Kitapi’yi kurarken sahip olduğunuz deneyim ve tecrübenin yeterli olduğunu düşünüyor muydunuz?

Yazılım anlamında evet, yeterliydi. Ancak ilk günden “ticari bir girişim” olabilecek projeyi biz yıllarca bu potansiyelden mahrum olarak ilerlettik. Bu konuda tecrübemiz yeterli olmaktan öte hiç yoktu.

Sefa Öğretmen kütüphanesini Kitapi’ye kaydediyor.

Sefa Öğretmen kütüphanesini Kitapi’ye kaydediyor.

Kişilik özelliklerinizin Kitapi’yi hayata geçirmeye olan etkisi hakkında ne düşünüyorsunuz?

Ortağım Sefa Bey, aktif bir öğretmendir. Daha evvel Van’ın bir köyünde ilk vazifesini yaparken de rahat durmaz, orada yapabileceği ne varsa yapardı. Yolu teknolojiyle kesiştiğinde de ben yardımcı olurdum. Onu tetikleyen unsur aktif bir öğretmen olmasıydı. Beni tetikleyen şey de okullarımızın ve kütüphanelerimizin bilgisayar ve internet alt yapısına sahipken bunları etkin kullanamaması oldu. Bizim okullarımız profesyonel sayılabilecek bir hizmete sırf pahalı diye ulaşamıyordu. Biz bunu yapıp sunabilecek potansiyele sahiptik ve neden olmasın deyip yaptık. Yani aracımızla uzak bir yere gidiyorduk, neden aynı yere giden başka birini de ücretsiz olarak götürmeyelim gibi bir hissiyat.

Yeni başlayan girişimcilere tavsiye edebileceğiniz öğrenme kaynakları nelerdir?

Biz henüz ticari açıdan başarılı bir girişimci değiliz. Ama yine de edindiğimiz tecrübelerden bir kaçını söylemek istiyorum.

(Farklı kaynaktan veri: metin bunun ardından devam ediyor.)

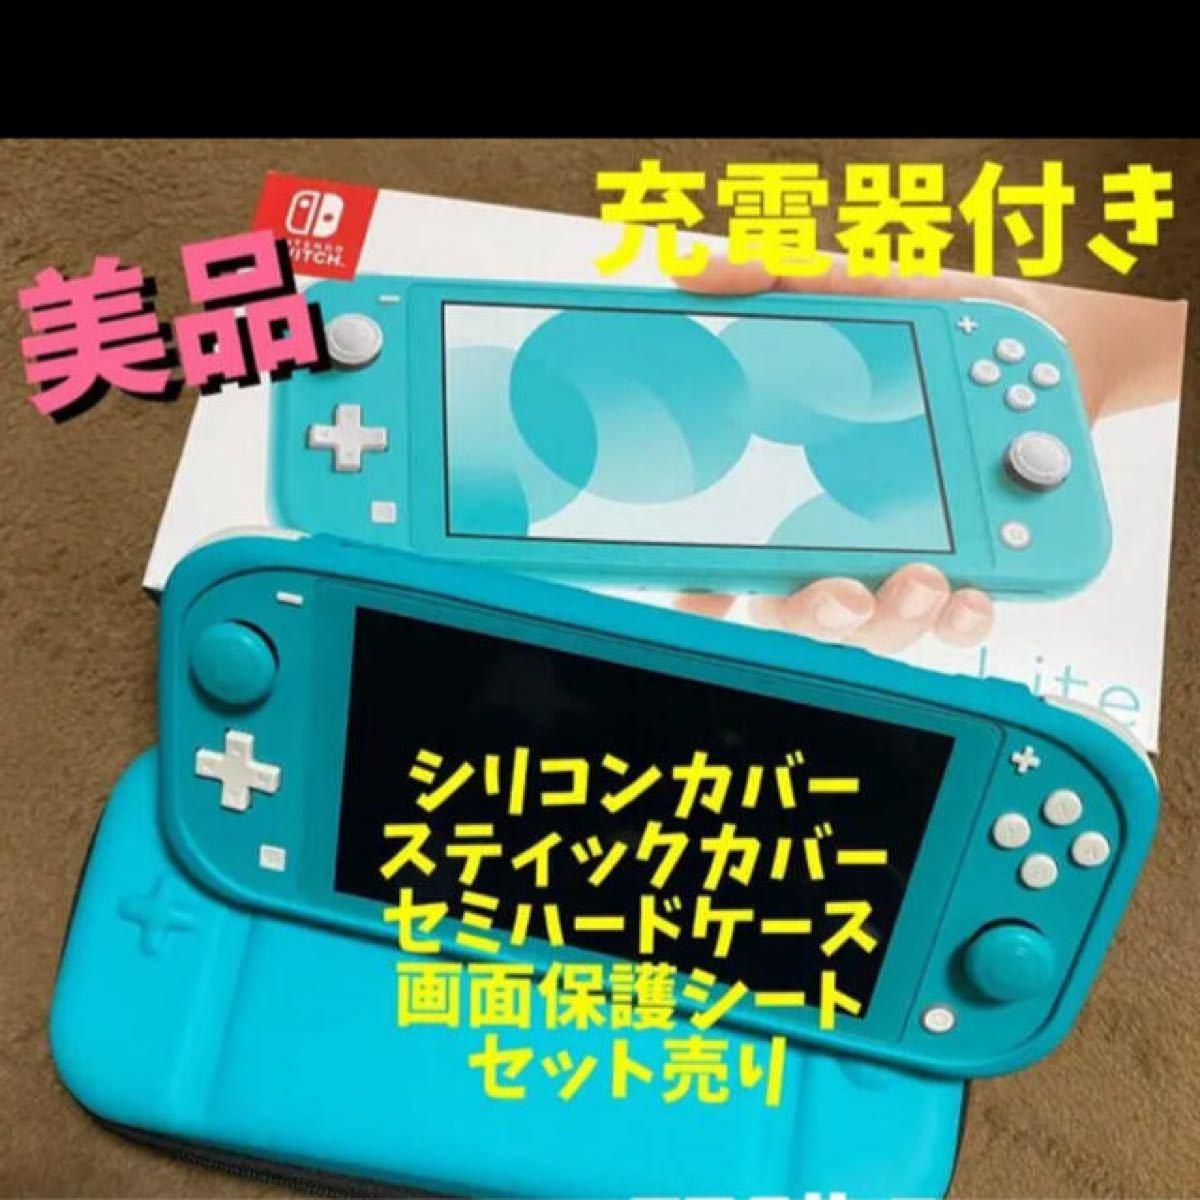 Nintendo switch lite 本体他セット

Birincisi girişimci arkadaşlarımız “sermaye” kavramını iyice öğrenmeliler. Az olsun çok olsun farketmez. Resmi bir şirket olsun olmasın farketmez. Ortaya 1.000 TL de olsa bir sermaye koyup işlerini bununla yürütmeye ve bir dönemin sonunda bu sermayenin yerinde durup durmadığına bakarak ilerleyişlerini takip etmeye çalışsınlar. Sermayeleri olur da bitmeye yüz tutunca vazgeçmeyip üzerine ekleyip yola bir süre daha devam etsinler. Bir kaç arkadaş beraber girişiyorlarsa hepsi bu sermayeye ortak olup bütün masraflar burdan harcansınlar.

İkinci tavsiyemiz; eğer yazılım üzerine bir girişim yapıyorlarsa sadece ana fonksiyonlara odaklanıp bir an önce yayına almaya baksınlar. Biz Kitapi’de bunu yaptık ve memnunuz. Fakat bir şekilde içinde olduğumuz başka başka girişimlerde sırf bütün modüller mükemmel olsun, en ufak ayrıntı t=0 anında bile devrede olsun gibi zorlayıcı unsurlarla boğuşmaktan, detaycılıktan o projelerin hayata geçemediğine de üzülerek şahit olduk. Bundan çok daha fazla tecrübeyi yaşamışlardan bizzat öğrenebilirsiniz. Mesela Fırat Demirel’in Geleceği Görenler kitabı çok güzel örnekler içeriyor. Tavsiye ederim.

Son olarak bu yazıyı okuyanlara vereceğiniz beş tavsiyeniz neler olurdu?

Biz tavsiye verecek kıymette kişiler değiliz. Her soruya cevap vermek lazım olduğundan yukarıdaki cevapları vermiş bulunduk :) Hülasa gayret etmeliyiz, çok çalışmalıyız ama gerisi nasip işi. Olmayınca çok üzülmemeliyiz.

Bize bu fırsatı verdiğiniz için teşekkür ederiz. Sayenizde kendimiz için de geleceğe bir mesaj bırakmış olduk. Sevgiler.